AIG Insurance Companies in Good Standing, Policyholders Protected
Despite recent news of financial trouble for American International Group (AIG), the National Association of Insurance Commissioners assures consumers their AIG insurance policies are backed fully.
“[AIG’s] insurance subsidiaries are solvent and able to pay their obligations,” said Sandy Praeger Kansas insurance commissioner and president of the National Association of Insurance Commissioners.
Because state insurance commissions hold insurance companies to high standards in order to sell insurance in their states, AIG’s 71 insurance companies have sufficient funding, remain profitable and could be sold to bail out AIG’s financial holding company, which is subject to federal oversight through the U.S. Office of Thrift Supervision.

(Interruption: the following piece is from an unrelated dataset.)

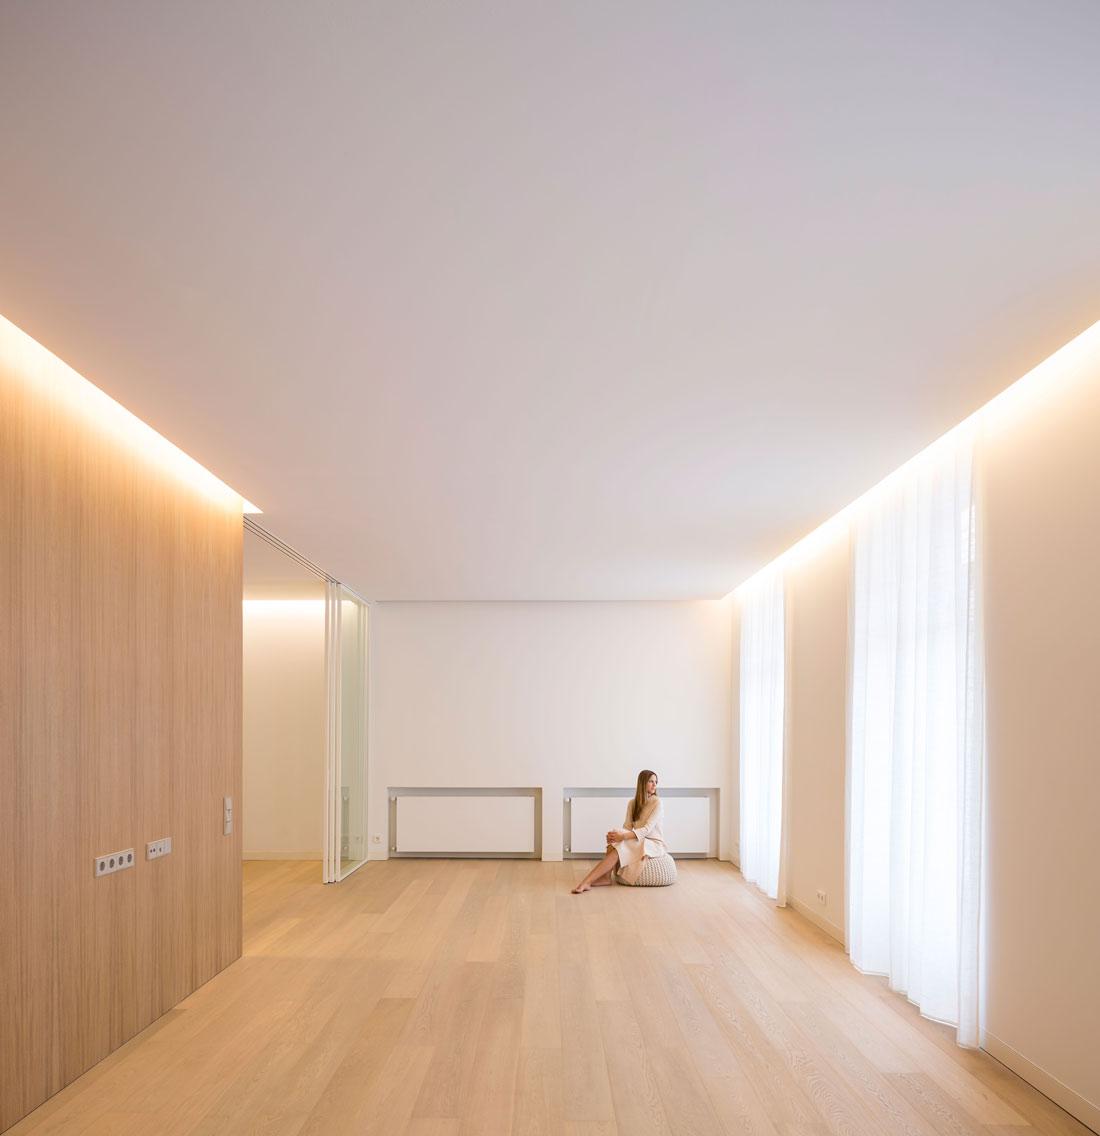 mayordomo architecture homu spanish architects nordic living room

“AIG’s non-insurance parent company is federally regulated and, therefore, not held to the same investments, accounting and capital adequacy standards as its state-regulated insurance subsidiaries,” Praeger explained. “It will likely be the insurance subsidiaries that will be sold in an attempt to return the AIG parent company to a more stable financial position.”
Insurance regulatory rules prevent AIG’s parent company from raiding its profitable insurance subsidiaries to pay off debts, according to the insurance association. And an ad-hoc oversight committee chaired by New York State Insurance Superintendent Eric Dinallo is overseeing AIG insurance interests to ensure policyholders are protected and insurance interests aren’t compromised.